De tempos em tempos diretores autorais abordam temáticas voltadas para a Segunda Guerra Mundial. Foi assim com Spielberg, no tocante drama A Lista de Schindler. Já Tarantino incendiou um cinema com uma plateia repleta de nazistas, incluindo Adolf Hitler, em Bastárdos Inglórios. Recentemente, Waititi apresentou o pequeno protagonista Jojo com um humor peculiar. E, agora, Malick aborda o tema de uma forma terna e poética. Em Uma Vida Oculta, a harmonia é a protagonista, porém tudo ganha um viés diferenciado quando Franz é recrutado para se alistar nas tropas nazistas. Após a recusa, o protagonista é condenado por trair a pátria.
O foco de Malick é o estudo de personagem de Franz. O diretor sabiamente explora ao máximo no primeiro ato a relação afetiva do casal para, posteriormente, gerar o conflito entre ambos. O roteiro instiga a reflexão do público ressaltando o cunho filosófico e religioso. Não é à toa que o diretor traça um paralelo entre o protagonista e o martírio de Jesus. Em momentos pontuais Franz é "tentado" a assinar um documento que o libera da prisão. À medida que o protagonista é provocado a angústia do espectador aumenta. O protagonista cai algumas vezes, assim como Jesus quando carregou a cruz, mas ambos tinham a fé como aliada. Todos os coadjuvantes que August Diehl encontra pelo caminho o fazem refletir sobre a fé e as consequências de suas convicções. Malick situa o espectador no arco dos coadjuvantes de forma intensa com a habilidade em explorar os conflitos internos de maneira sucinta. A solidão da irmã de Franziska, a lucidez de um louco, a juventude cativante de um preso, o estereótipo de violência e gritaria dos alemães e a figura da morte representada por um personagem vestido de preto. Já o arco de Franziska é tão importante quanto o do protagonista. Ela também carrega uma cruz pesada, pois sofre repressões da população do vilarejo local. A personagem está em um estado de esgotamento físico e mental. Mas assim como a fé sustenta o marido na prisão, a religião e o amor a faz permanecer de pé.

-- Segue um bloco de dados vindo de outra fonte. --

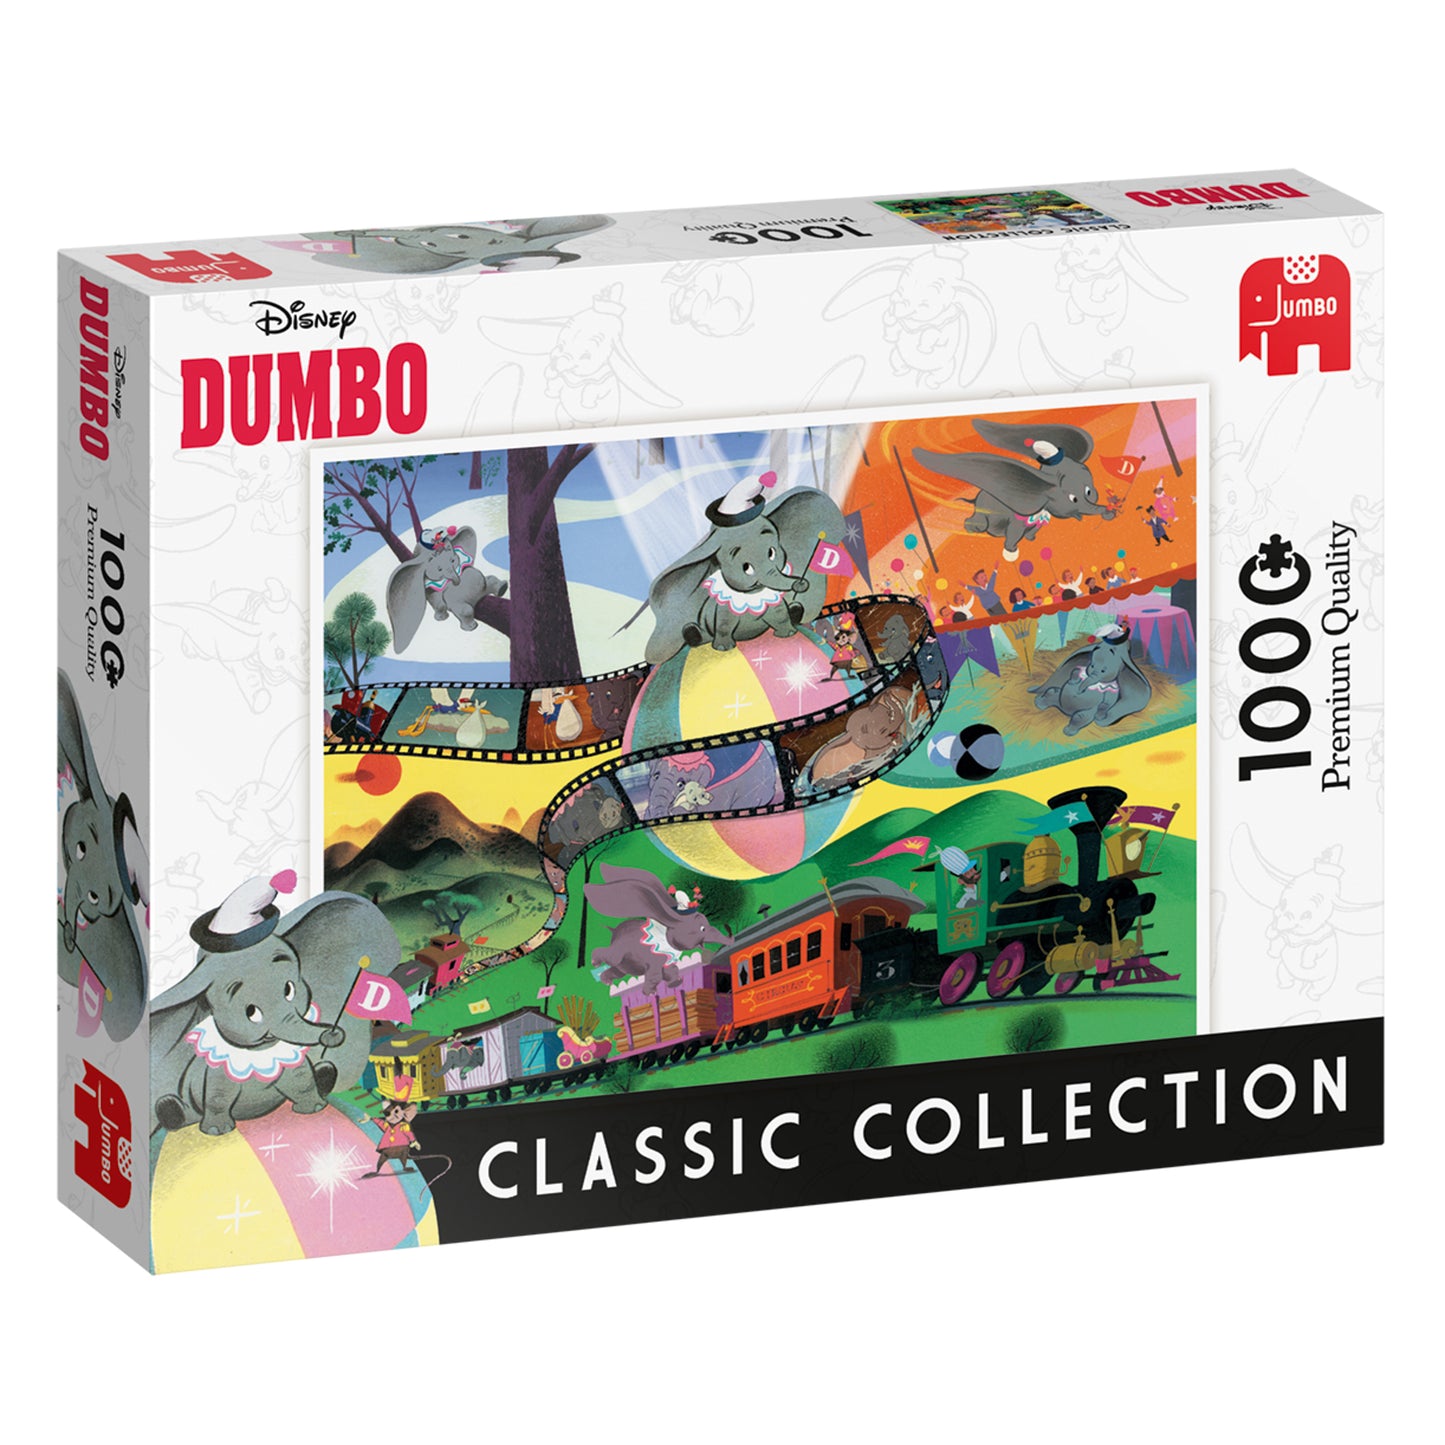 Disney Classic Collection - Dumbo (1000 pieces) - product image - Jumboplay.com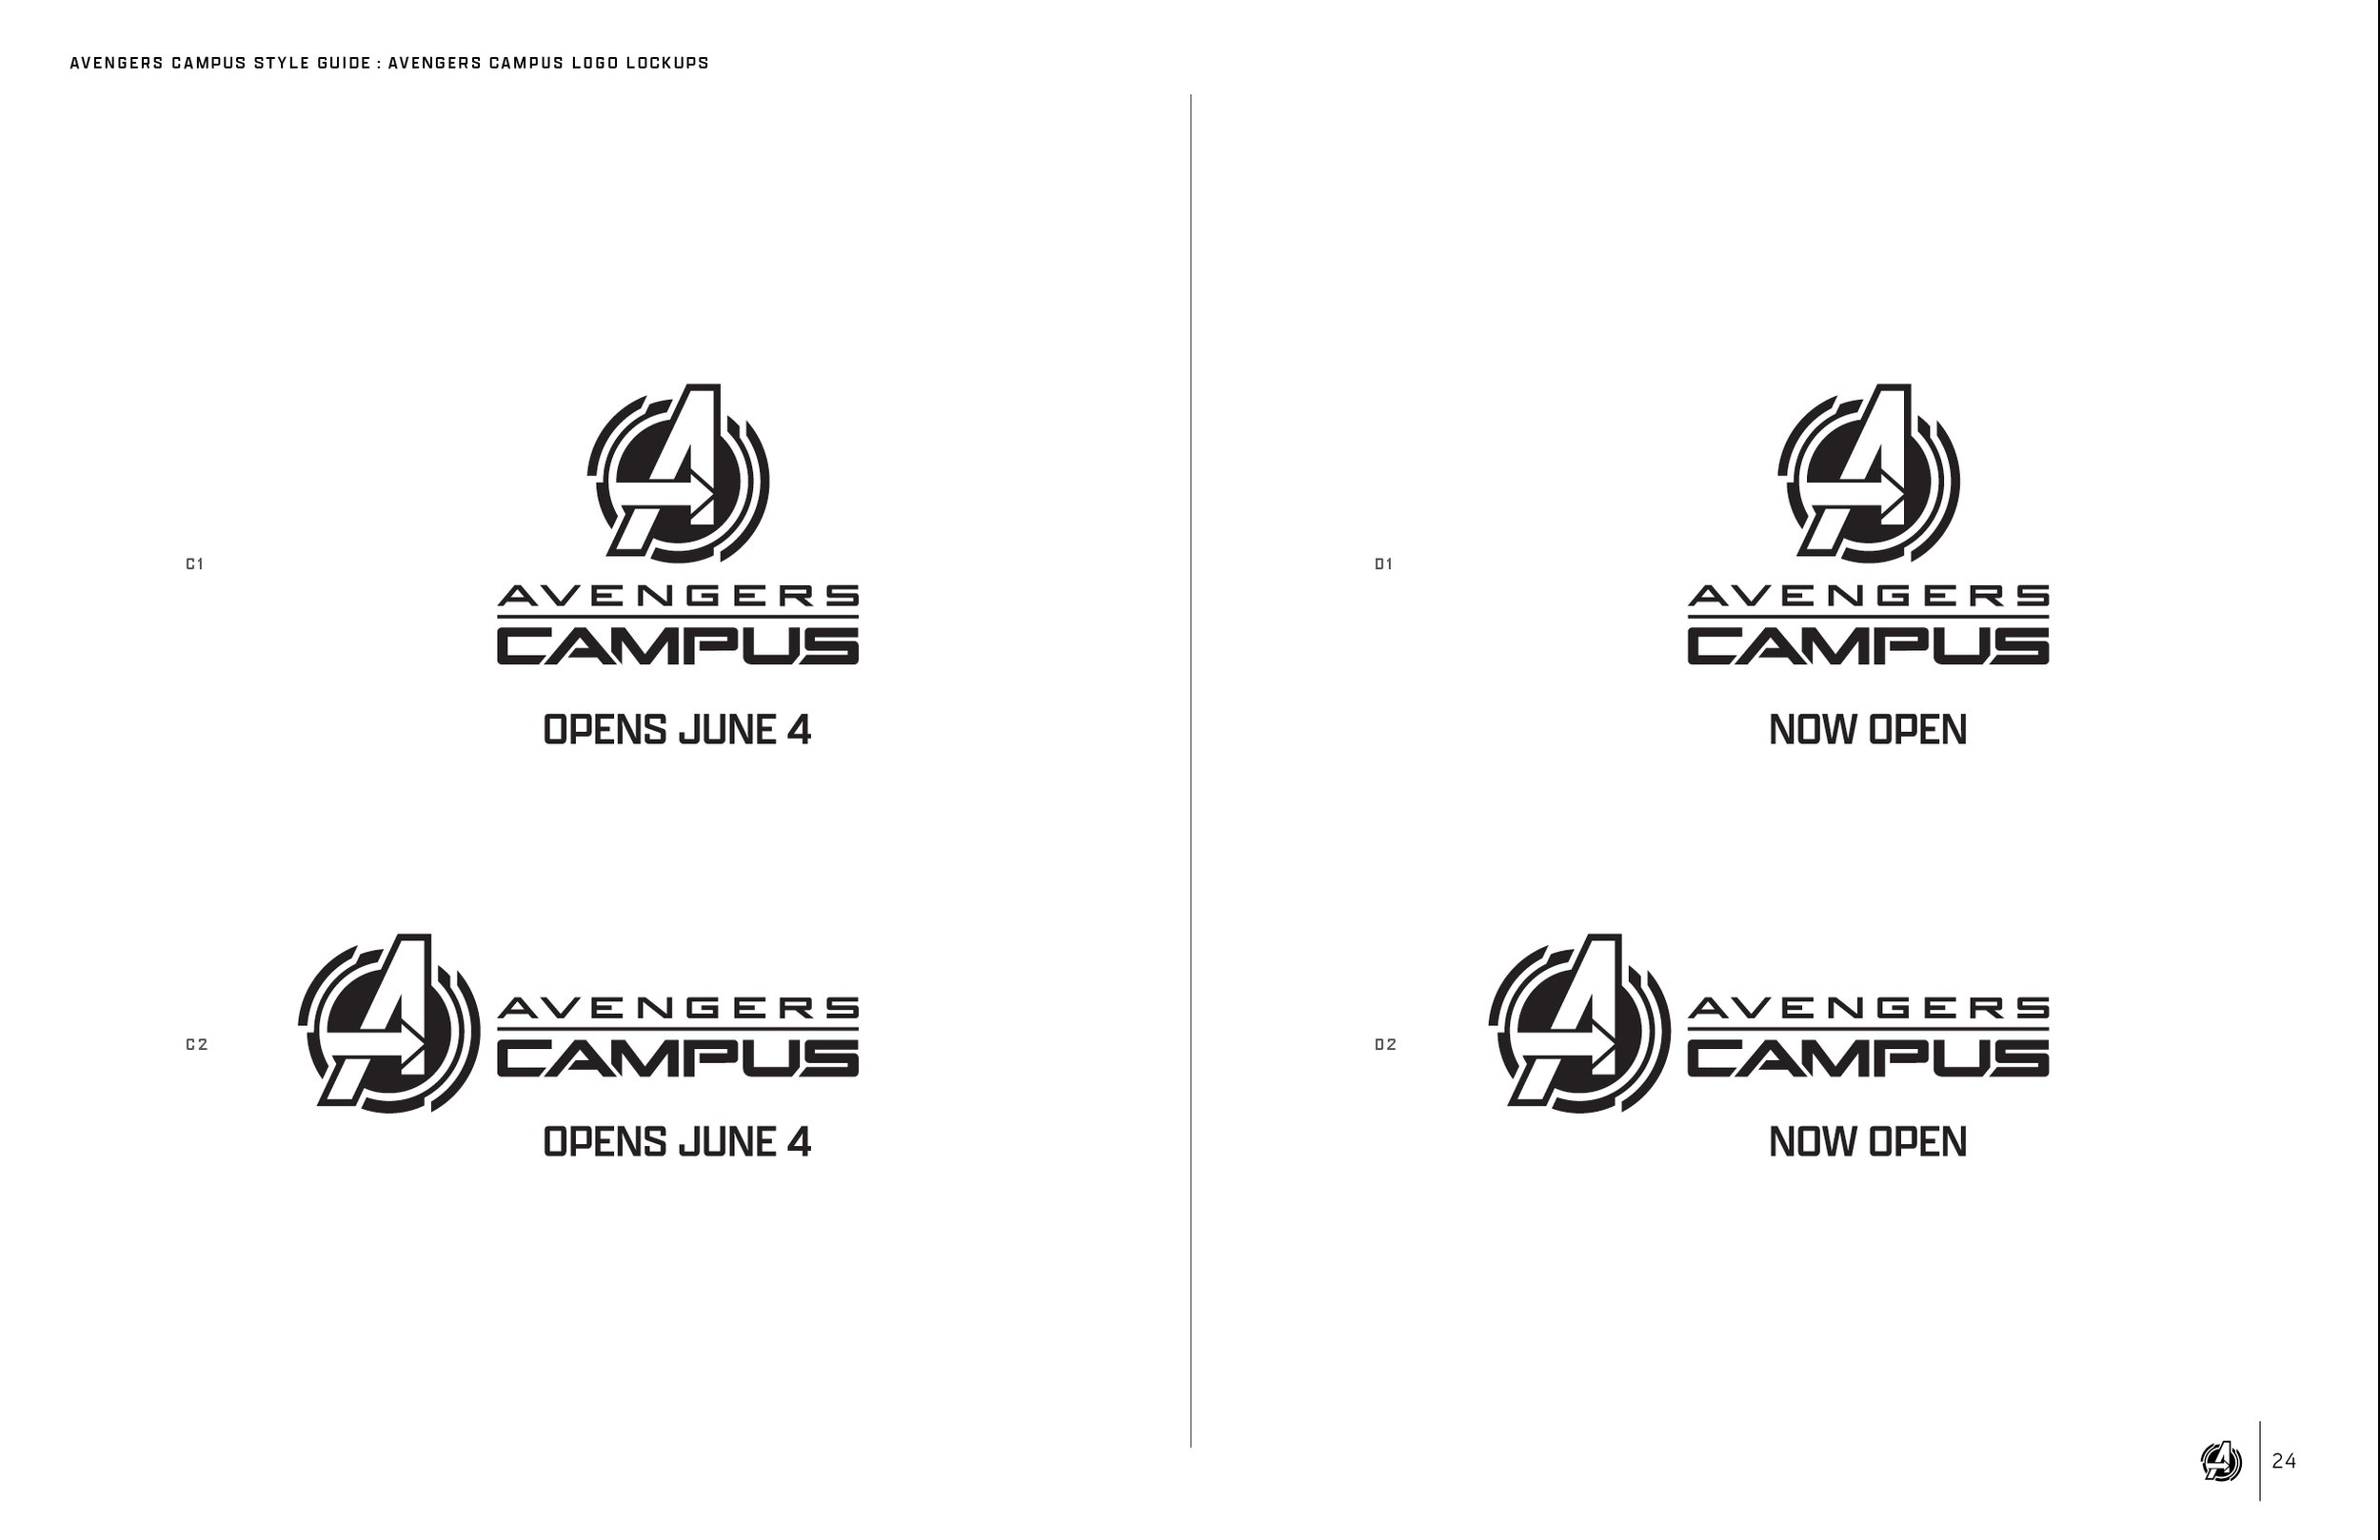 AvengersCampus_StyleGuide_Website_24.jpg

A câmera de Malick exige ao máximo dos atores. Como o diretor utiliza close e primeiro plano, os atores precisam entregar todas às nuances que o roteiro explora. É interessante perceber o contraste que Malick ressalta na figura feminina em sua filmografia. Existe uma fragilidade física em Valerie Pachner que contrasta com a firmeza psicológica ao lidar constantemente com a repressão de Rosalia e o isolamento da população do vilarejo. Já August Diehl é de uma entrega comovente para Franz. O ator trabalha de forma intensa os conflitos internos do protagonista. August presa pelo minimalismo nos momentos de ternura com a esposa e filhas, porém, quando Franz está preso, o psicológico é explorado ao extremo com toda a delicadeza que a autoria de Malick exige. Outro destaque fica por conta da figura materna. Karin Neuhäuser explora a rigidez e sensibilidade de Rosalia. E Franz Rogowski é a leveza necessária para manter a lucidez do protagonista na cadeia.
O fazer cinema de Malick compreende na junção e harmonia dos elementos narrativos. A trilha sonora está presente ao longo do filme para ressaltar a poesia das imagens. É interessante perceber como a natureza dialoga com os conflitos dos personagens. Cabe a fotografia captar toda mudança climática dentro e fora de Franz. Quando o casal se distância, o tempo fecha. Para ressaltar a harmonia do casal o plano aberto das montanhas intensifica o toque afetivo dos personagens. Um elemento fundamental que une e estabelece o conjunto harmônico dentro da narrativa é a autoria de Terrence Malick. O domínio ao construir a mise-en-scène gera fascínio no espectador. Em várias cenas o diretor proporciona enquadramentos que cortam alguns personagens para priorizar os demais ao fundo. Cada imagem reflete o estado emocional dos personagens e tudo é explorado de forma harmônica na narrativa. Assim como o psicológico vai se deteriorando aos poucos, a natureza morre lentamente. Como as imagens na filmografia do diretor dizem muito, o poder da direção de arte em transmitir sensações também se faz presente na autoria do diretor. O contraste entre a beleza das locações e o sufocamento da cela contribui para ressaltar às nuances de Franz. Agora, uma dúvida surge: Vale a pena aguardar o hiato do diretor a cada projeto? Se Malick nos proporcionar uma obra prima a cada filme, o leitor já possui a resposta.